In some alternative embodiments, the functions/acts noted in the block diagrams may occur out of the order noted in the operational illustrations. For example, two blocks shown in succession may in fact be executed substantially concurrently or the blocks may sometimes be executed in the reverse order, depending upon the functionality/acts involved. Furthermore, the embodiments presented and described in the flowcharts of the present invention are provided by way of example in order to provide a more thorough understanding of the technology. The disclosed methods are not limited to the operations and logic flows presented herein. Alternative embodiments are contemplated in which the order of various operations is changed, and in which sub-operations described as part of a larger operation are performed independently.

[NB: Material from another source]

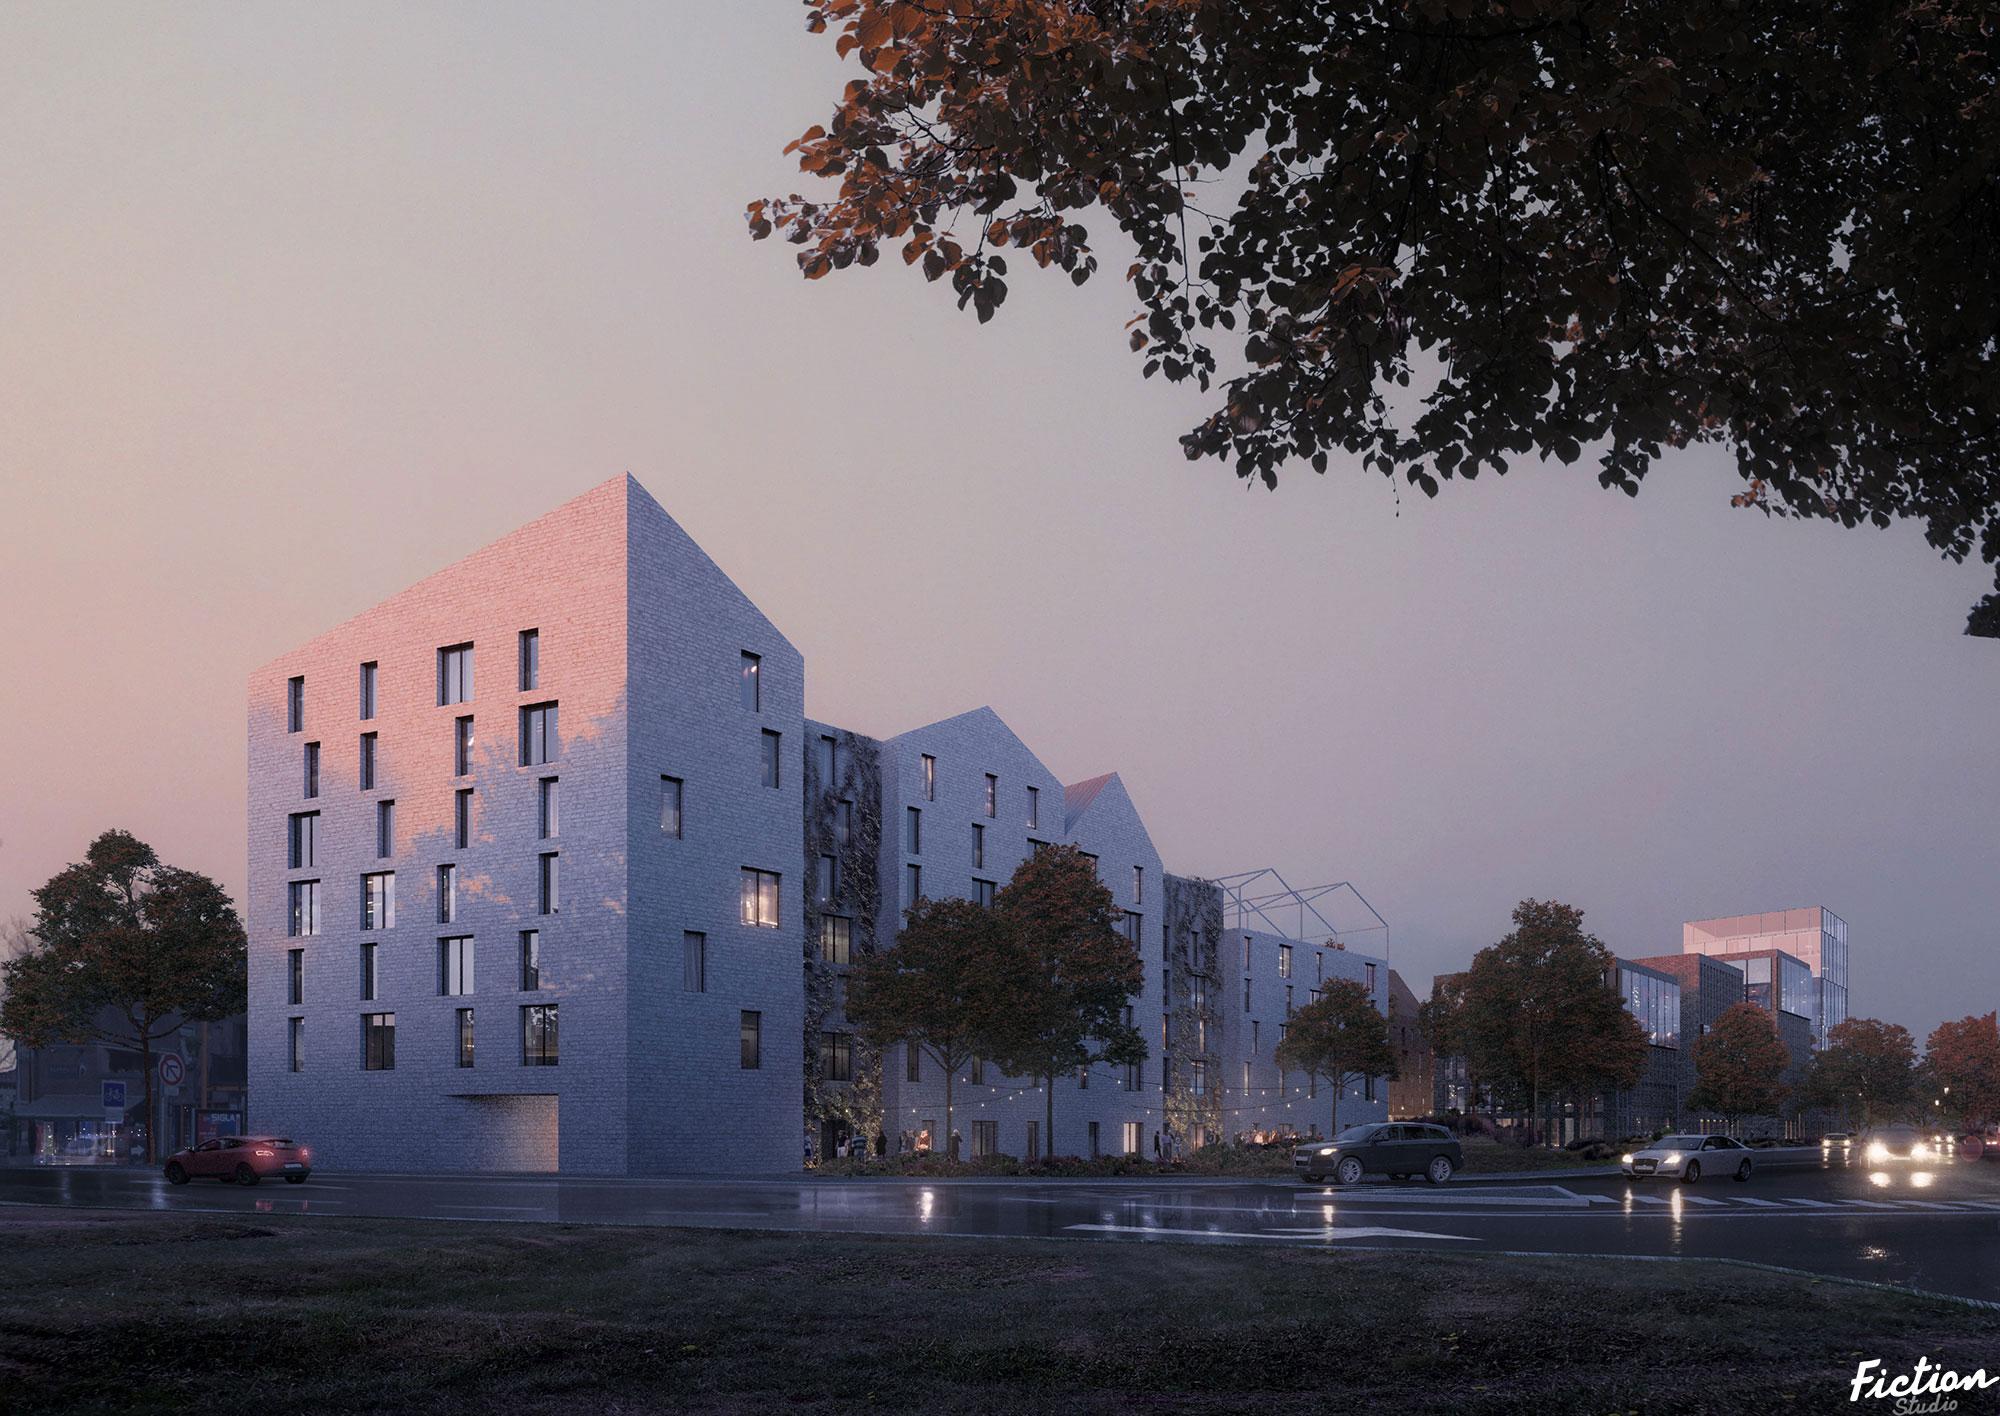 Artbuild - Madeleine - France

The functions, if implemented in the form of software functional units and sold or used as a stand-alone product, may be stored in a computer-readable storage medium. Based on this understanding, the technical solution of the present invention may be embodied essentially or in a part contributing to the prior art or in a part of the technical solution, in the form of a software product stored in a storage medium, comprising several instructions for causing a computer device (which may be a personal computer, a server, a network device, etc.) to perform all or part of the steps of the method according to the embodiments of the present invention. And the aforementioned storage medium includes: a U-disk, a removable hard disk, a Read-Only Memory (ROM), a random access Memory (RAM, random Access Memory), a magnetic disk, or an optical disk, or other various media capable of storing program codes.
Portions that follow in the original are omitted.